To alleviate data skew, i.e., some POIs are popular while others are rarely visited, we assume POIs of the same category share the same temporal visitation pattern. For example, restaurants are popular during lunchtime and dinnertime, whereas nightclubs are popular in the evening. We model the temporal pattern as Gaussian mixture distribution with \(H\) temporal Gaussian components [49]. Suppose that record \(\mathbf {d}_{i}\) belongs to category \(c\), the probability density of its time \(t_{i}\) can be written as

\begin{equation} \begin{aligned}p(t_{i}|c)\!=\!\!\sum _{z=1}^H \mathbf {\psi }_{c,z}\mathcal {N}(t_{i}|\nu _{c,z},\sigma _{c,z}) \!=\!\!\sum _{z=1}^H \mathbf {\psi }_{c,z} \frac{\exp \left(\frac{-(t_{i}-\nu _{c,z})^{2}}{2\sigma _{c,z}^{2}}\right)}{\sqrt {2\pi \sigma _{c,z}^{2}}}, \end{aligned} \end{equation}

(2)

where \(\mathcal {N}(t_{i}|\nu _{c,z},\sigma _{c,z})\) is a Gaussian component, \(z\) is a latent discrete random variable indicating which component it belongs to, and \(\nu _{c,z}\) and \(\sigma _{c,z}\) are mean and standard deviation of component \(z\) for category \(c\).
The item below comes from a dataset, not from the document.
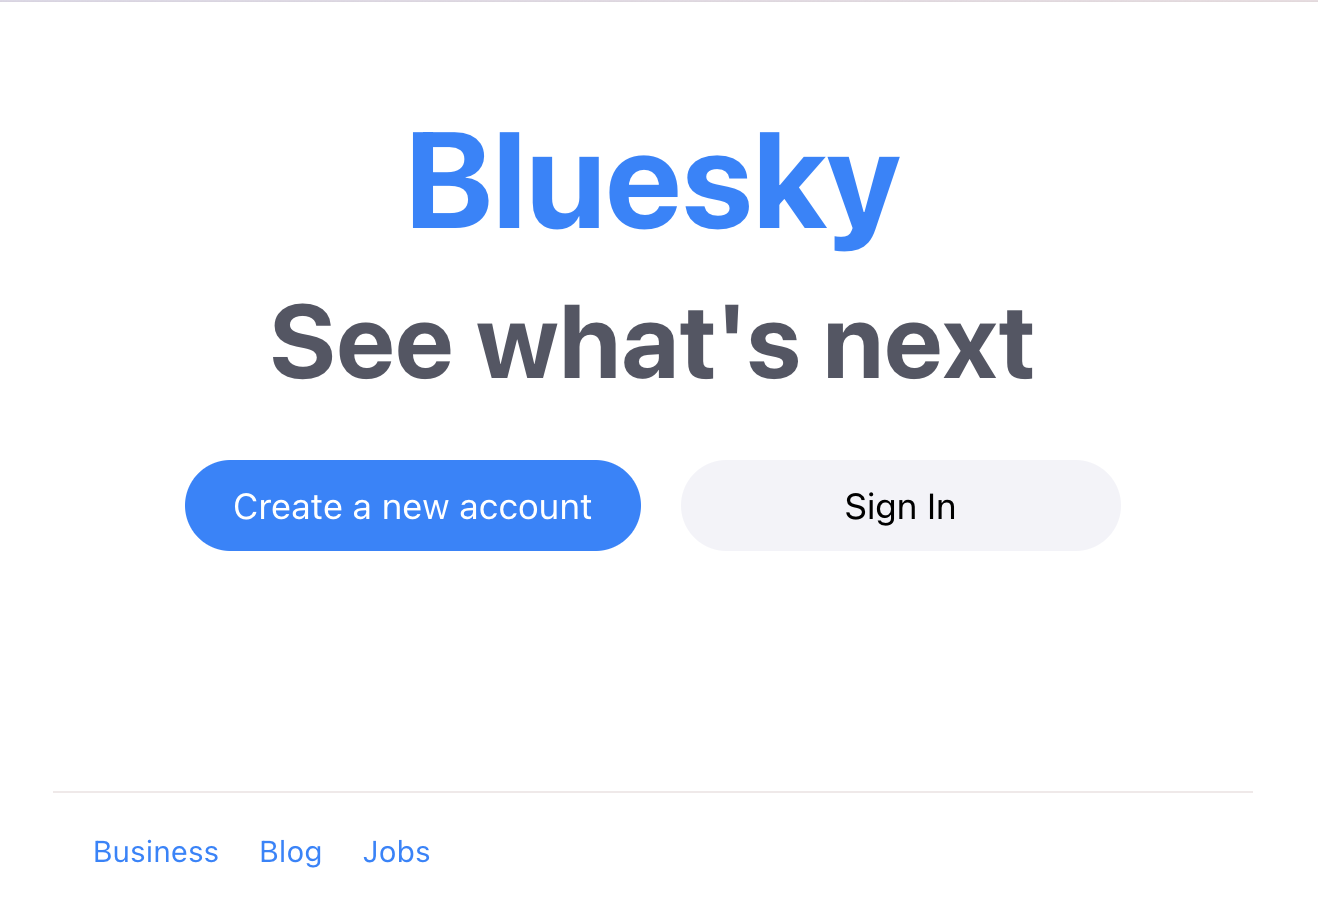 The Bluesky web app

Based on observations from existing studies [11, 20], most POIs have one or two peak hours in a day, we set \(H=2\) in our model.

3.1.3 POI Category.

To leverage personal preference, we assume that different users tend to visit different categories of POI in a certain region. For example, a user may visit office buildings and fast food restaurants in one region frequently if he works there, while another user who resides there may always visit an apartment instead. Given record \(\mathbf {d}_{i}\), we use variable \(c_{i}\) to indicate its category. Given region \(r\) and user \(u\), we use multinomial distribution \({\rm Multi}(\mathbf {\Phi }_{r,u})\) to model the category, where \(\mathbf {\Phi }_{r,u}\) is a \(|\mathcal {C}|\)-sized vector and \(p(c_{i}=c|r,u)=\Phi _{r,u,c}\) for each \(c\in \mathcal {C}\). Note that the correlation between \(c_i\) and \(\boldsymbol {l}_i\) are modeled by combining \(p(\boldsymbol {l}_i|r)\) and \(p(c_i|r,u)\) with the joint correlated variable \(r_i\). In addition, when the record \(\mathbf {d}_{i}\) is labeled, \(c_{i}\) is an observable variable, but it becomes a latent variable when \(\mathbf {d}_{i}\) is unlabeled.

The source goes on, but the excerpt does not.